PPO not able to learn from an env as simple as Pendulum-v1?

How severe does this issue affect your experience of using Ray?

  • None: Just asking a question out of curiosity

Observing it is hard to find from Ray document a full runnable example training on an environment with continuous action-space. I tried to run it on the simplest env Pendulum-v1. However, the PPO model doesn’t seem to be learning from the env. Is this behavior expected?

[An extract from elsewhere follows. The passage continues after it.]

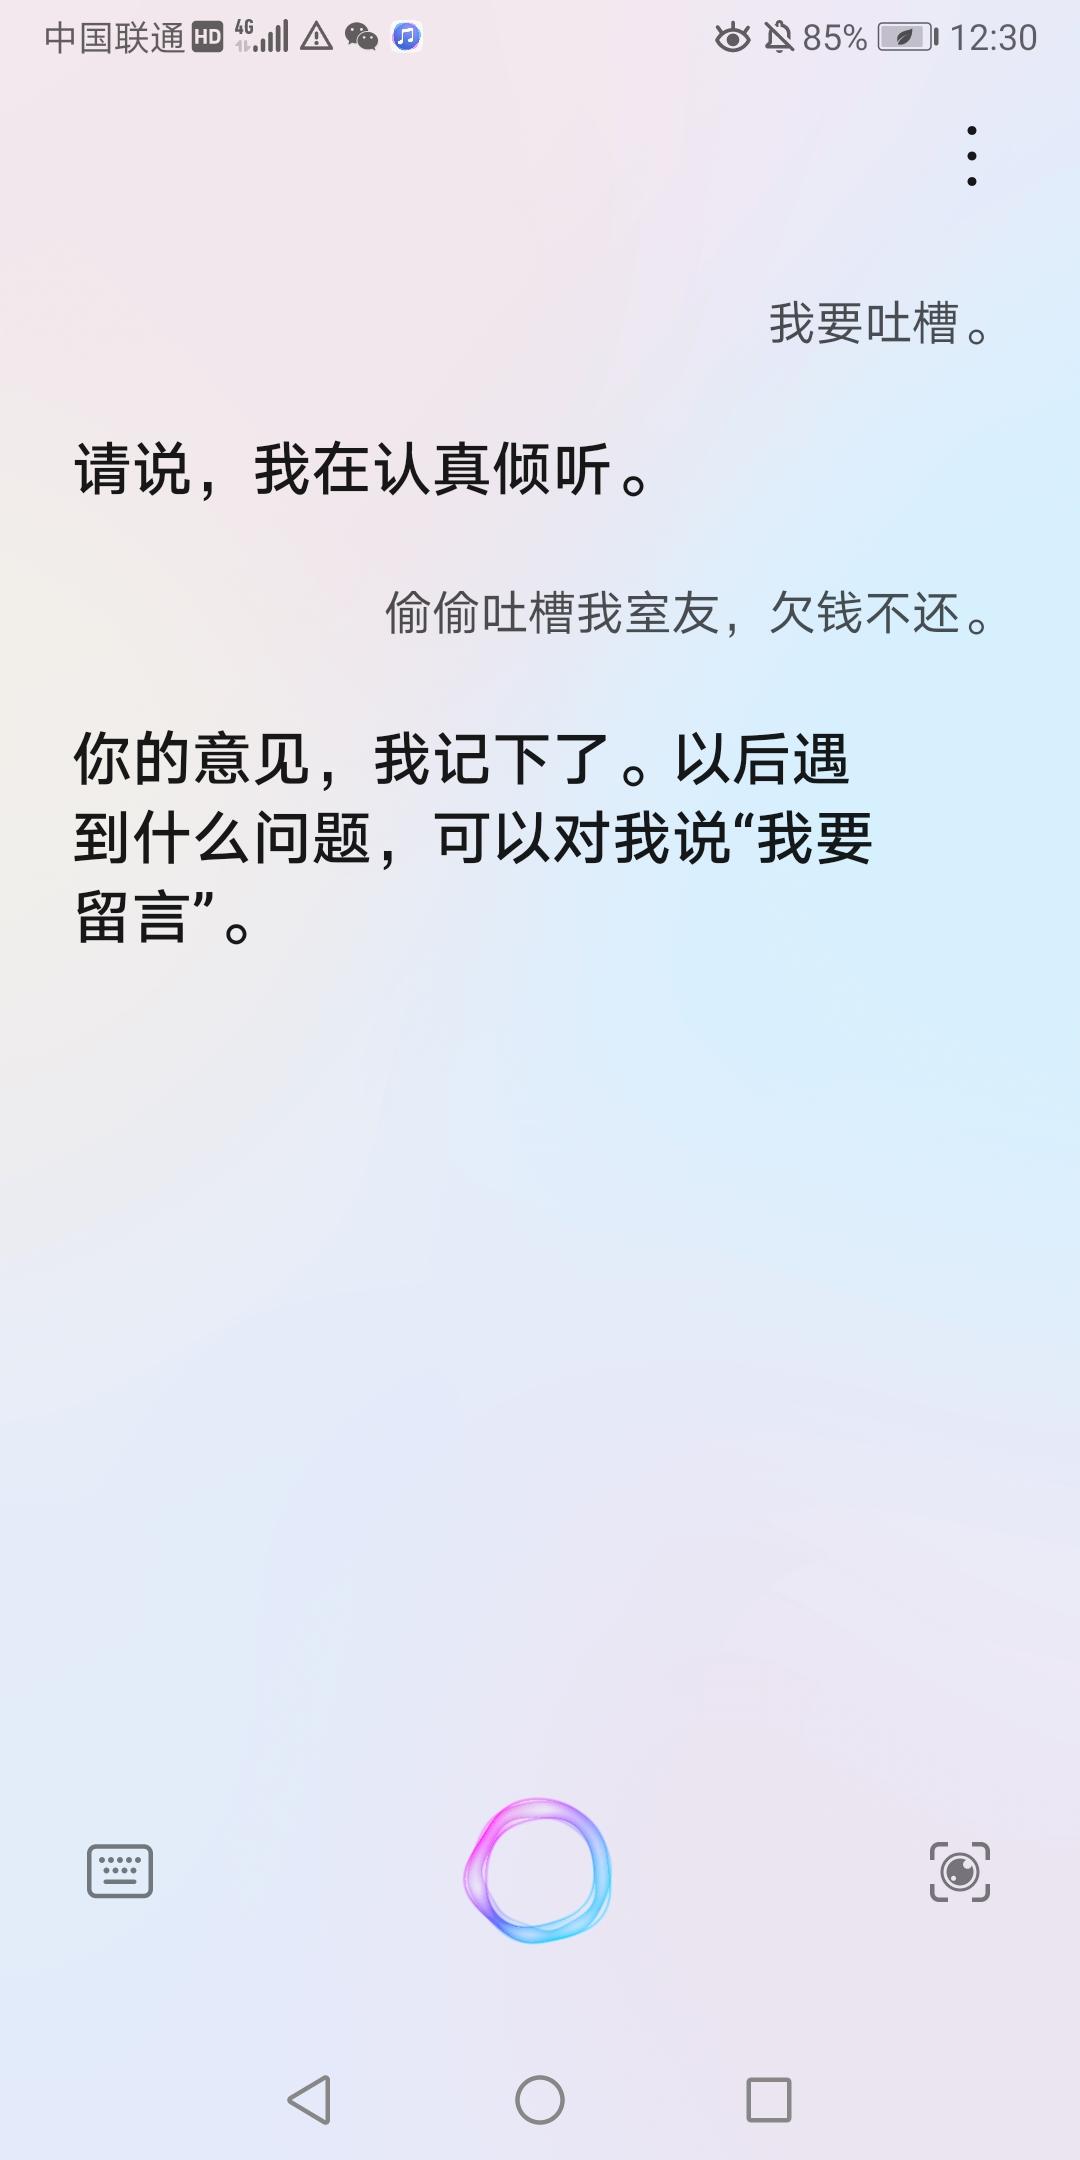 Screenshot_20200515_123008_com.huawei.vassistant.jpg

My testing code running with Ray==2.1.0 and Python==3.8 on Sagemaker:

import ray
from ray import air, tune

tuner = tune.Tuner(
    'PPO',
    tune_config=tune.TuneConfig(
            metric="episode_reward_mean",
            mode="max",
            num_samples=1,
            #max_concurrent_trials=1,
        time_budget_s=60*60*8
        ),
    run_config=air.RunConfig(
        #stop={"time_total_s": 60*60*8},
        checkpoint_config=air.CheckpointConfig(
            checkpoint_at_end=True,
            checkpoint_frequency=200,
            num_to_keep = 5),
        local_dir = '/home/ec2-user/SageMaker/ray_results2',
        callbacks=[MLflowLoggerCallback(tracking_uri='http://localhost:5000', experiment_name="dev", )]
    ),
    
    param_space={
            "env": "Pendulum-v1",
#             "clip_actions": True,
            "num_workers": 4,
            "num_gpus": 0, # number of GPUs to use
            "framework": 'torch', # tf|tf2|torch
        },
    
)

tuner.fit()

Also tried on stable baseline 3 which seems to be working fine:

from stable_baselines3 import PPO
import gym
model = PPO(
#     'MultiInputPolicy',
    'MlpPolicy',
    gym.make('Pendulum-v1'),
    gamma=0.98,
    # Using https://proceedings.mlr.press/v164/raffin22a.html
    use_sde=True,
    sde_sample_freq=4,
    learning_rate=1e-3,
    verbose=1,
)

# Train the agent
model.learn(total_timesteps=int(1e6))

It’s achieving mean_reward of about -200 after running for a few minutes:

Hi,

RLlib does not automatically tune hyperparameters.
This is a critical part of reinforcement learning though.
If you would use Ray tune to tune some of the more important ones in PPO, you will get good results.
Have a look at our tuned examples if you are looking for such configurations.
For example, here is our tuned example for Pendulum-v1 and PPO

Cheers